Passports issued to Sahrawi citizens

Sahrawi passports are passports issued to citizens of the Sahrawi Republic. They are issued by the Ministry of Foreign Affairs or Interior, and launched by National Centre of Documents Production.

Sahrawi passport booklets are valid for travel by Sahrawi citizens to the countries that recognized the Sahrawi Republic, although travel to certain countries and/or for certain purposes may require a visa. They conform with recommended standards of the International Civil Aviation Organization (ICAO). There are more types of passport booklets; as well, SADR issued biometric passports as standard since September 2012.

==Types of passports==
Sahrawi passports are plain or diplomatic.
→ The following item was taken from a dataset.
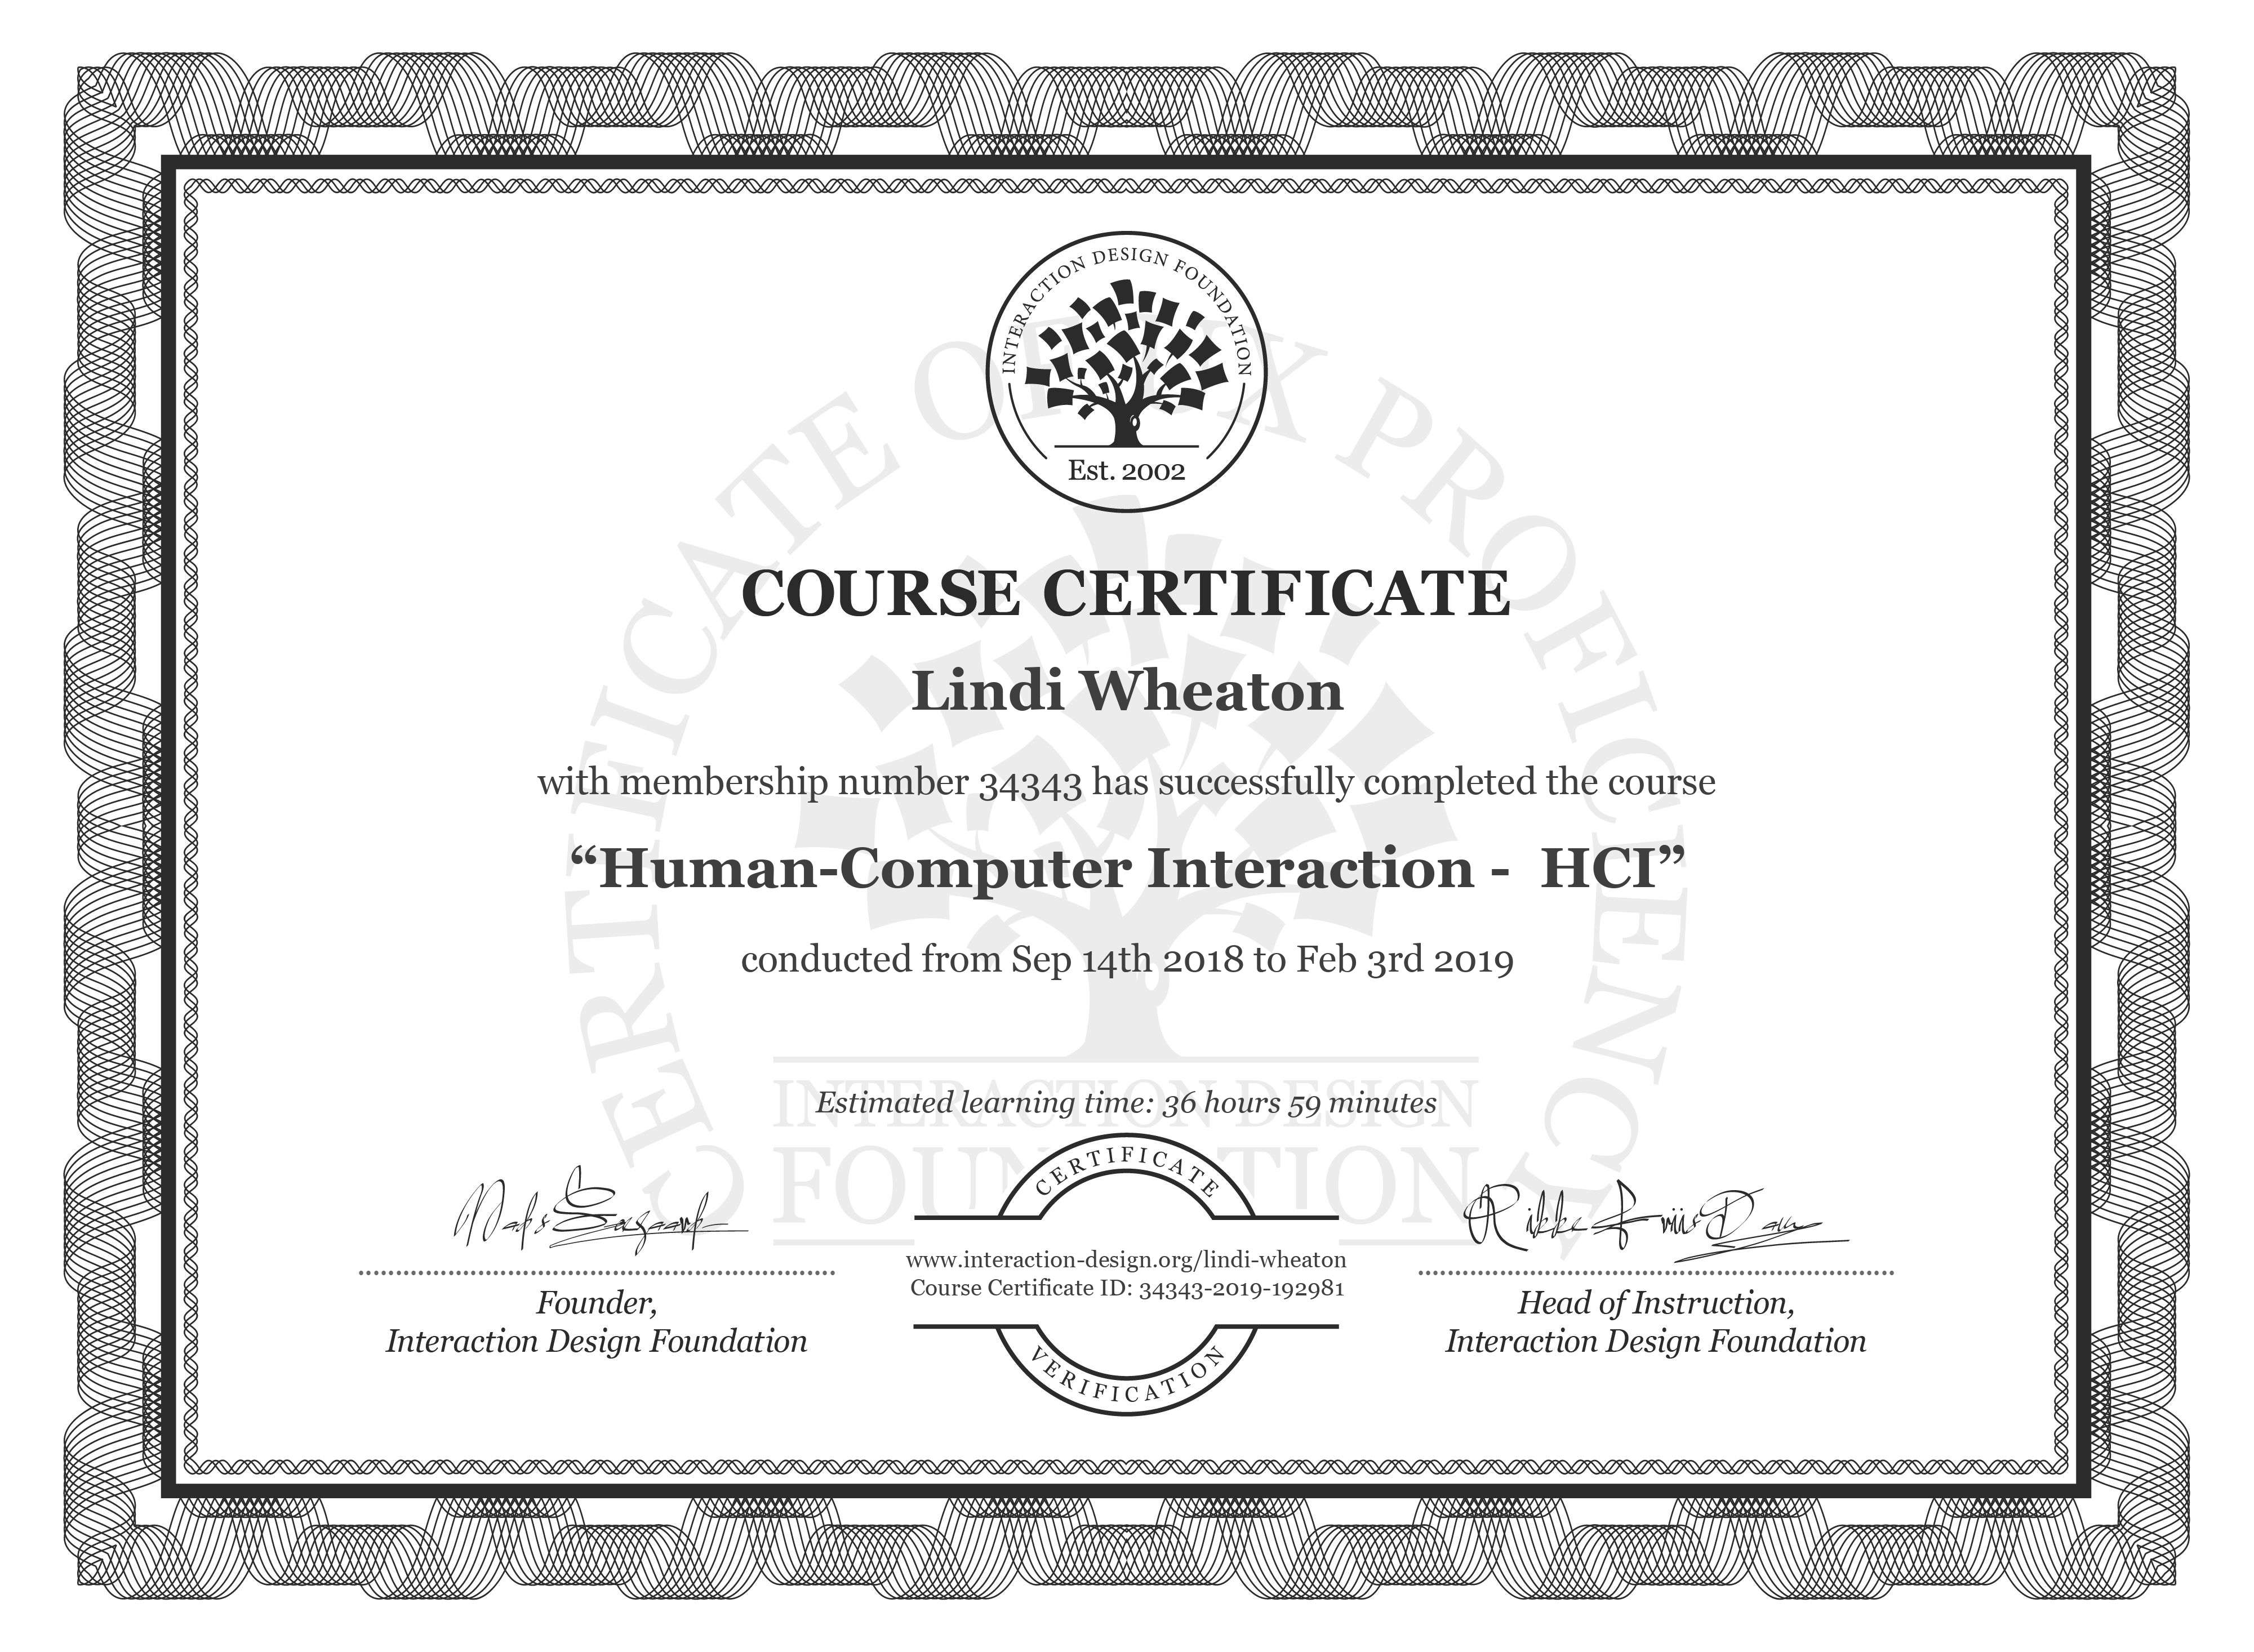 Lindi Wheaton's Course Certificate: Human-Computer Interaction -  HCI

They have red, blue or green covers.

==Biometric passport==
Plans had been adopted to prepare and issue the new Sahrawi passport before December 2011. Production of the first Saharawi biometric passport was launched 8 September 2012 under Presidential Decree 11/2012. The new biometric passport contains an electronic chip with information about the holder, including a digitized photograph, fingerprints and signature. The Minister of Interior Mr. Hamada Salma said that new passport with the high digital technology "has two security codes; one contains information of the passport’s holder, whereas the second is a two-dimensional system. In addition to other security measures can only be read by ultraviolet."
President of the SADR Mohamed Abdelaziz was granted the first Saharawi diplomatic passport.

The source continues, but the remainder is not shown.